• **TASK GOAL**
Starting at the line with "Analyst Day New" and ending at the line with "The Household of", print exactly the lines of the entries below. Pictures do not belong in the copy.

• **EXTRACTED ENTRIES**
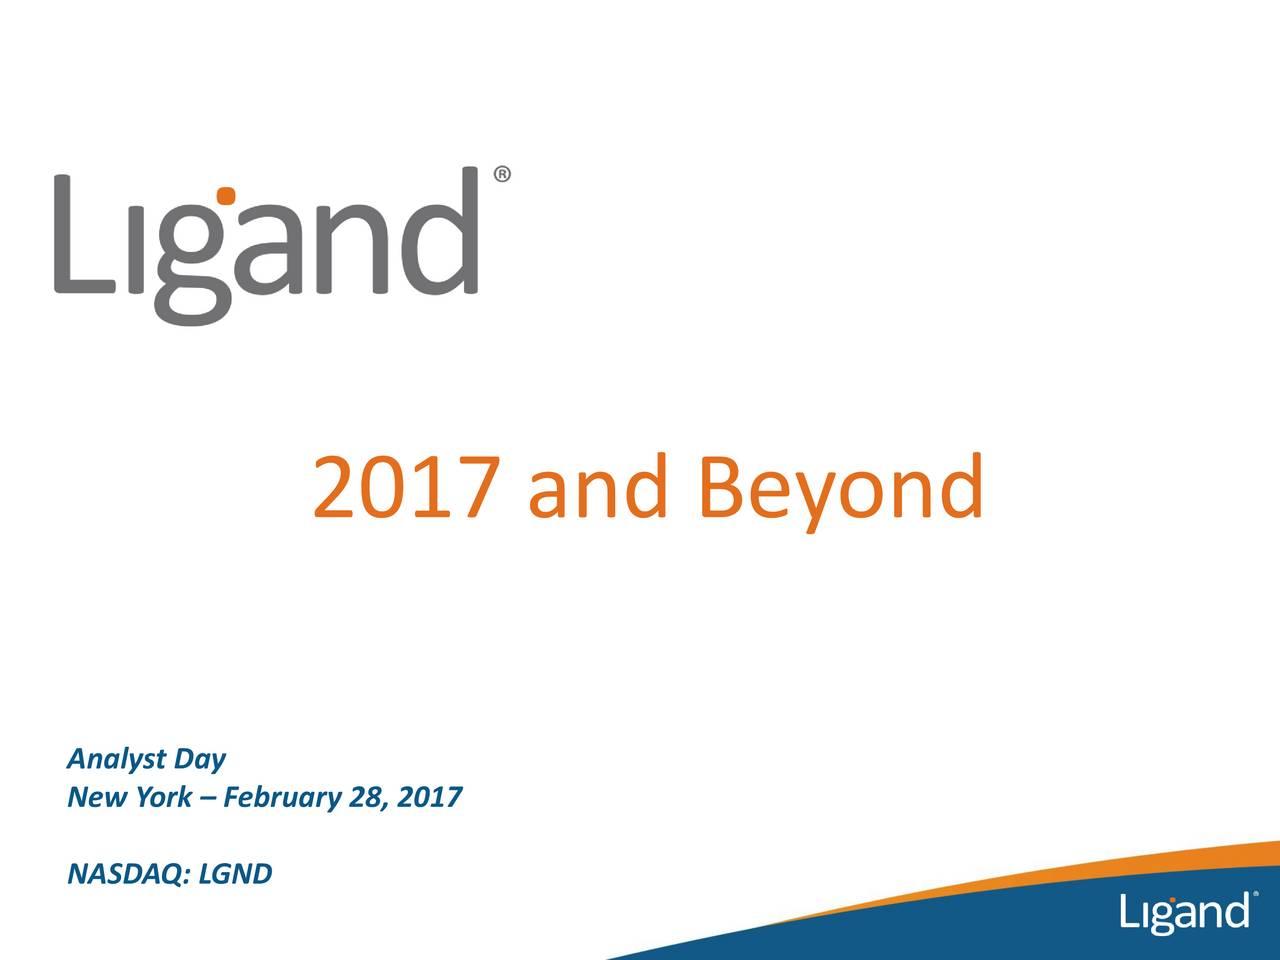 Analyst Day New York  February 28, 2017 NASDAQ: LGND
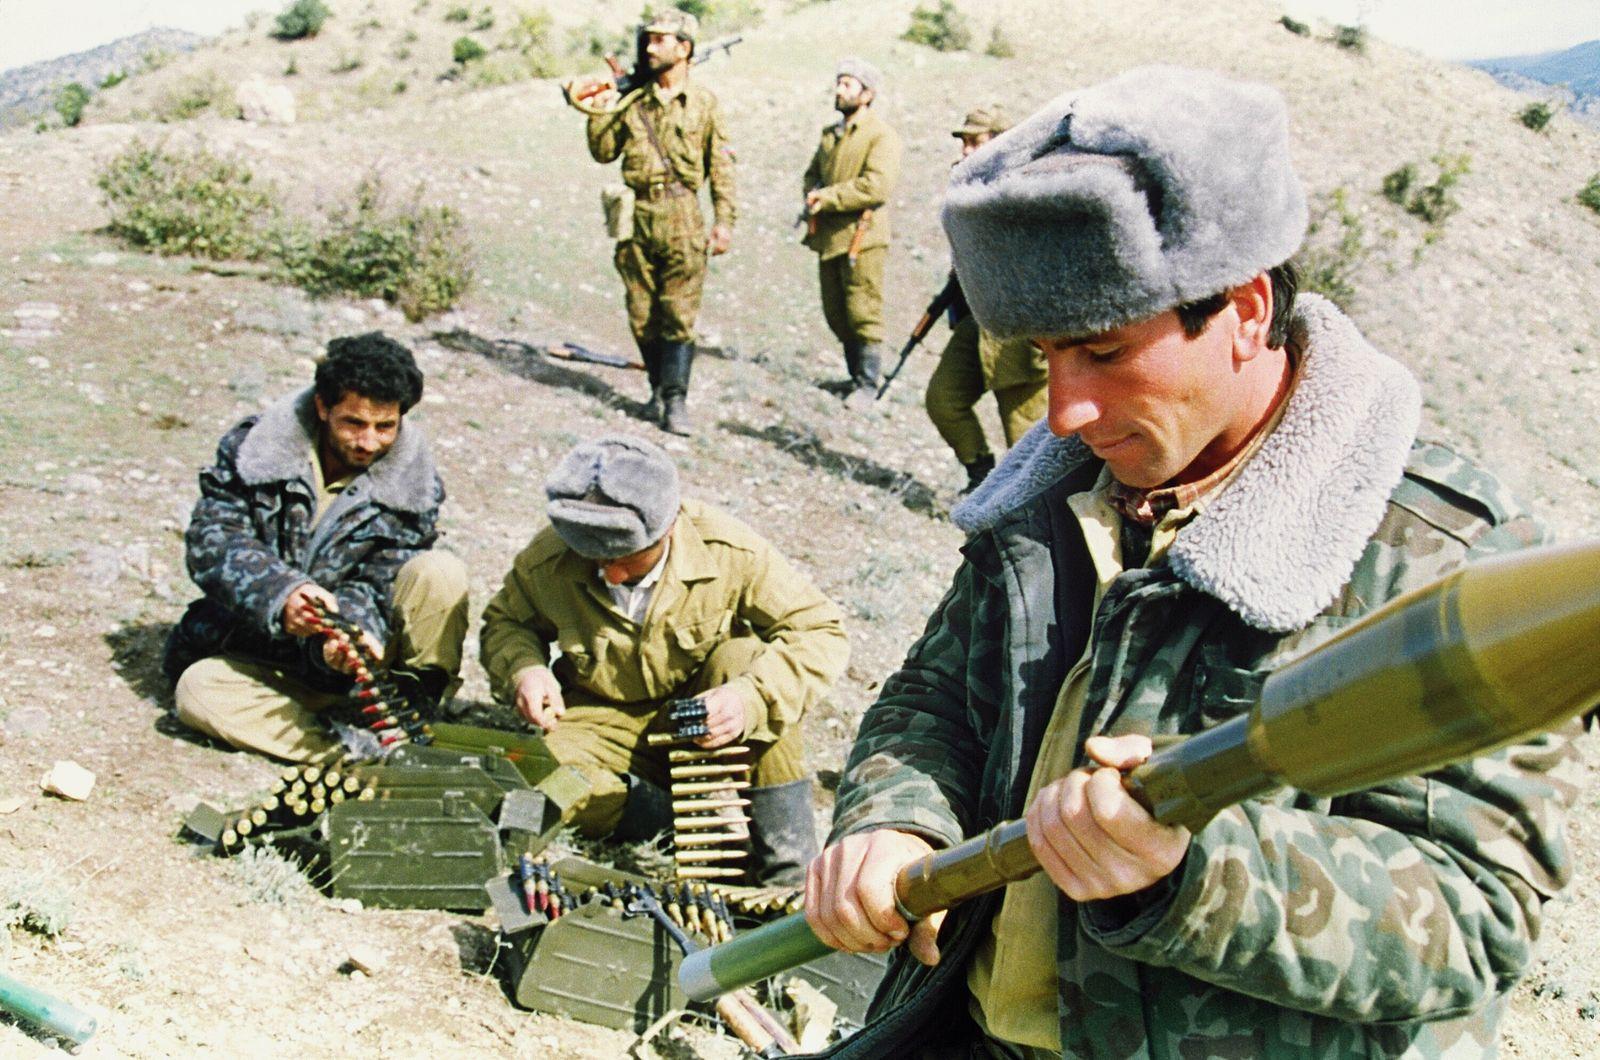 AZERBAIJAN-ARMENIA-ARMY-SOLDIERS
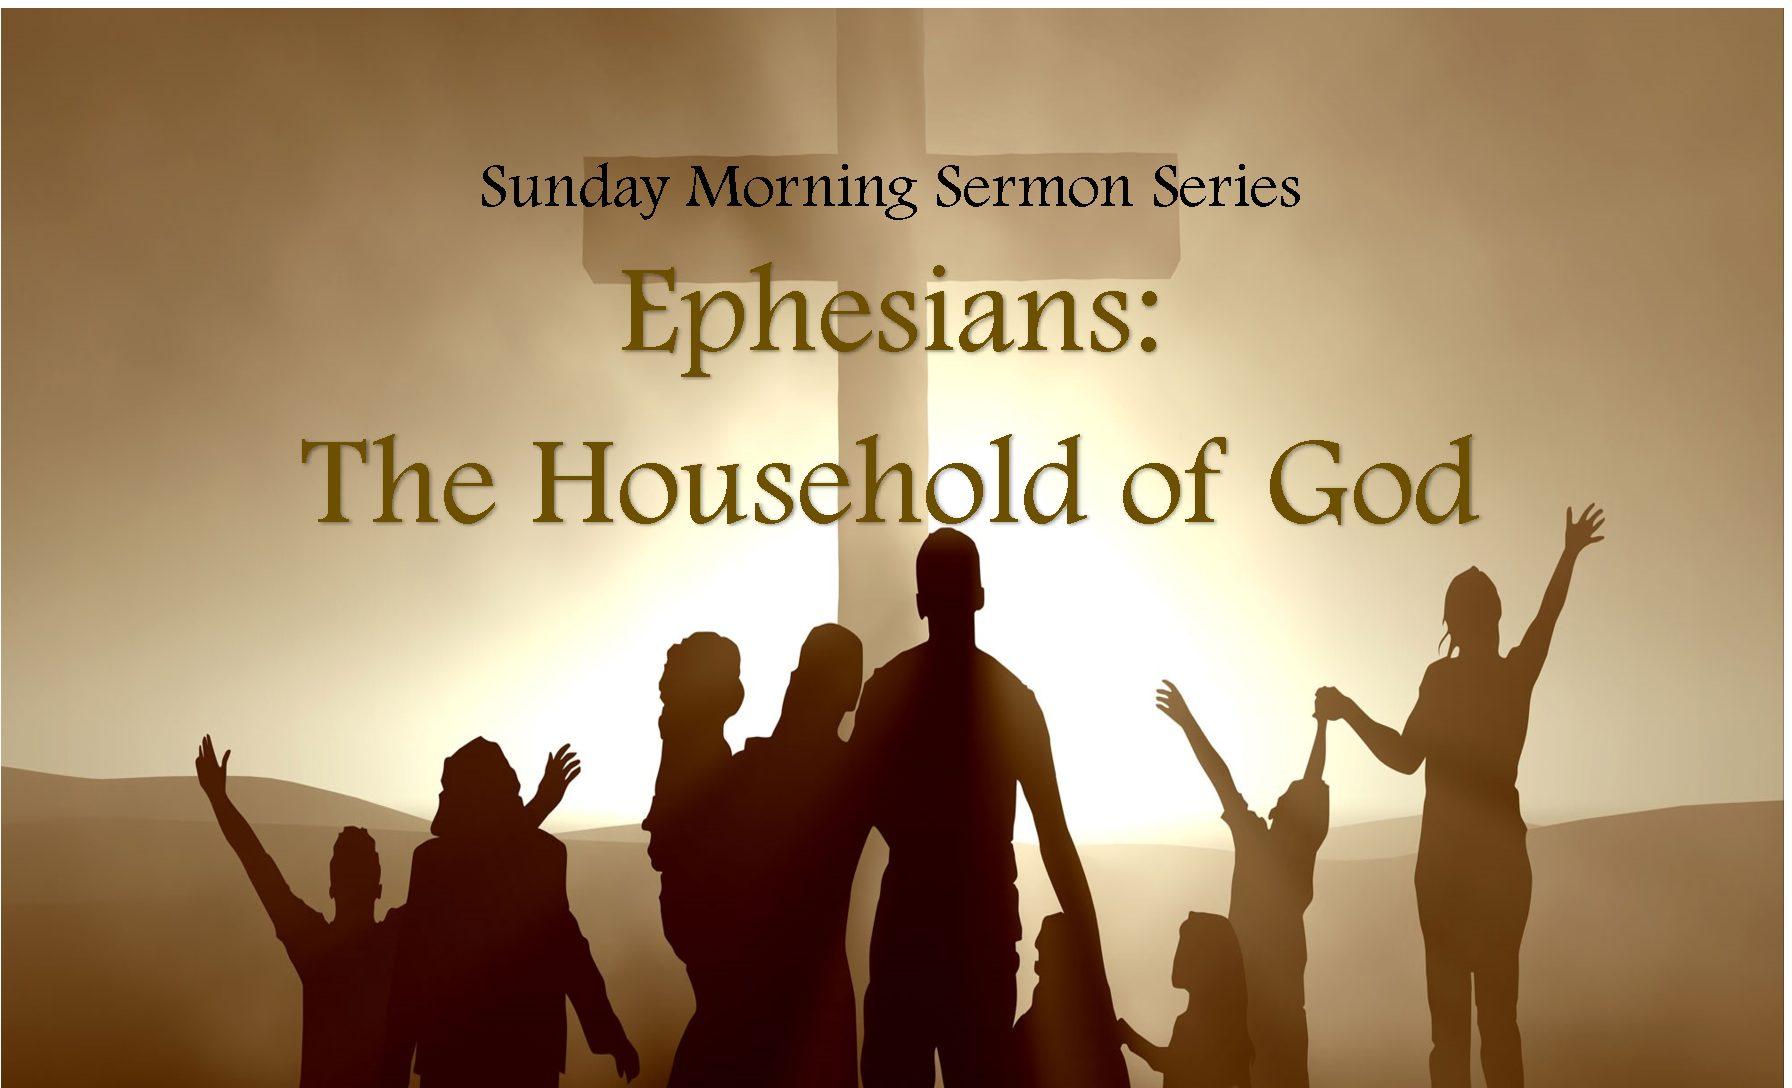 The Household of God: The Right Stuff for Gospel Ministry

* * *

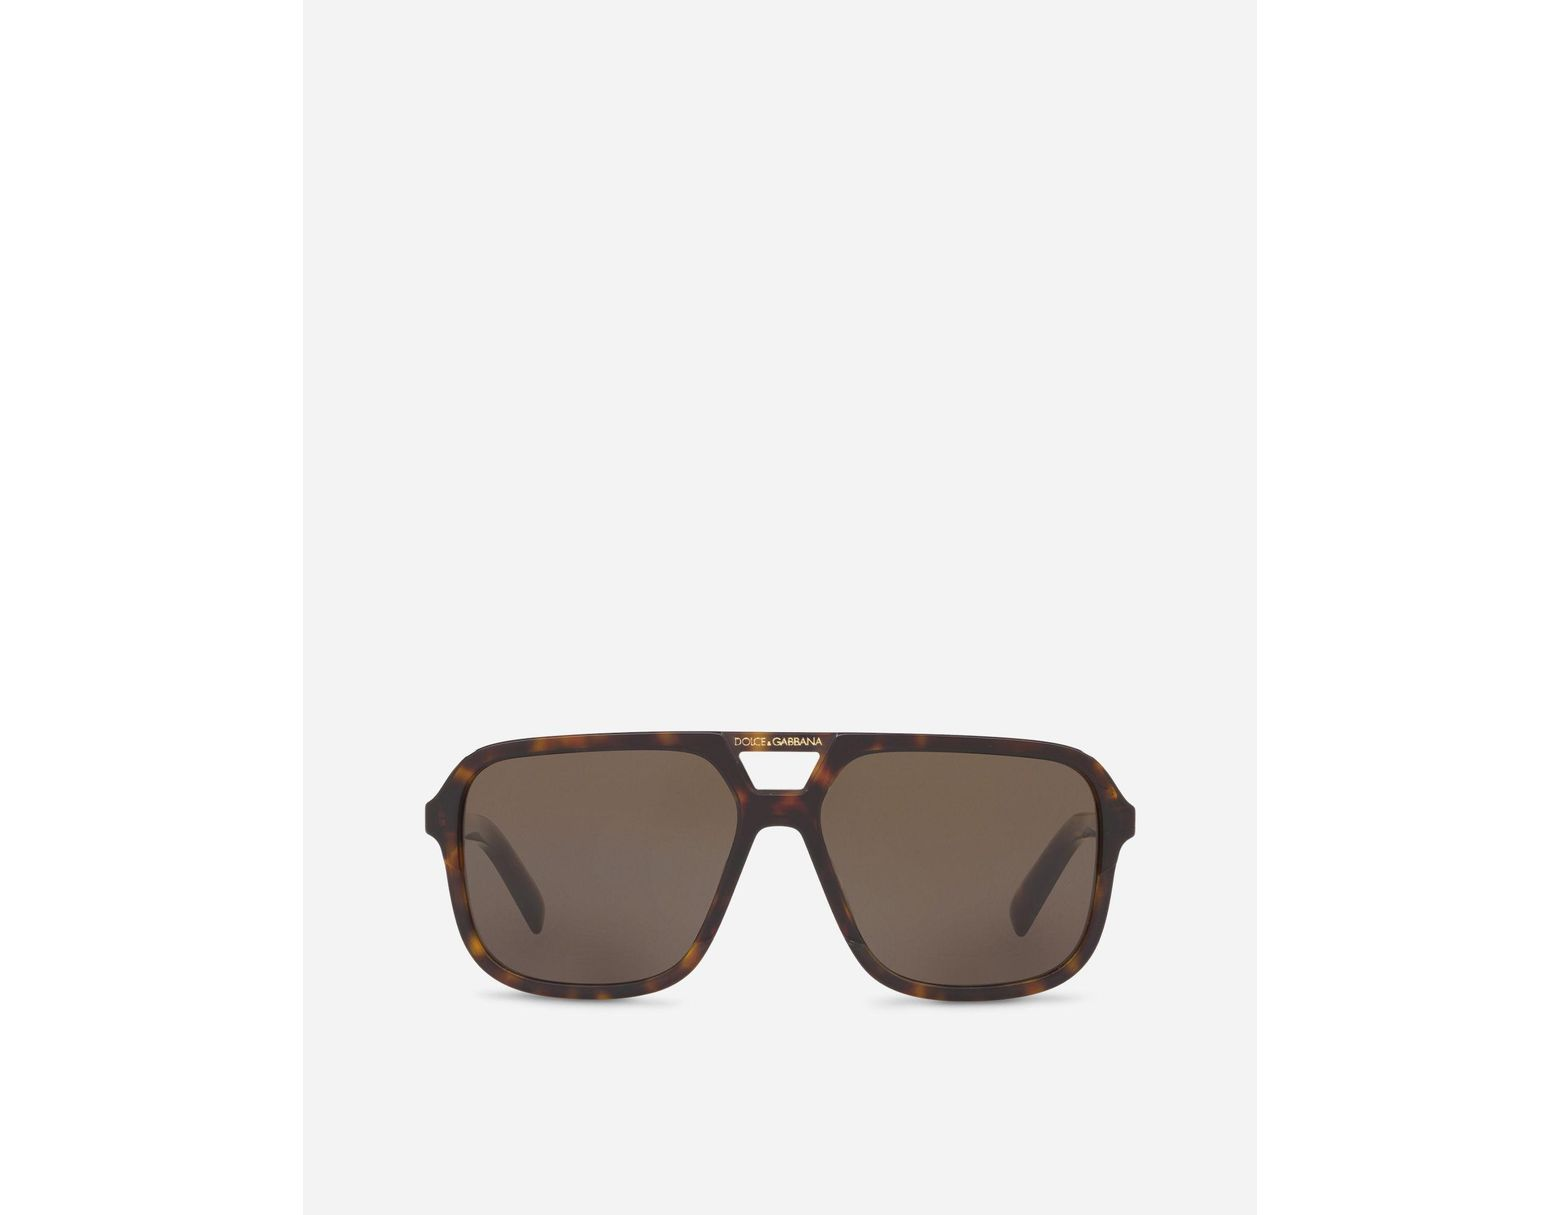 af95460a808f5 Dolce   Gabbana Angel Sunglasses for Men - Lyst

• **TASK OUTPUT**
 Analyst Day New York  February 28, 2017 NASDAQ: LGND
 AZERBAIJAN-ARMENIA-ARMY-SOLDIERS
 The Household of God: The Right Stuff for Gospel Ministry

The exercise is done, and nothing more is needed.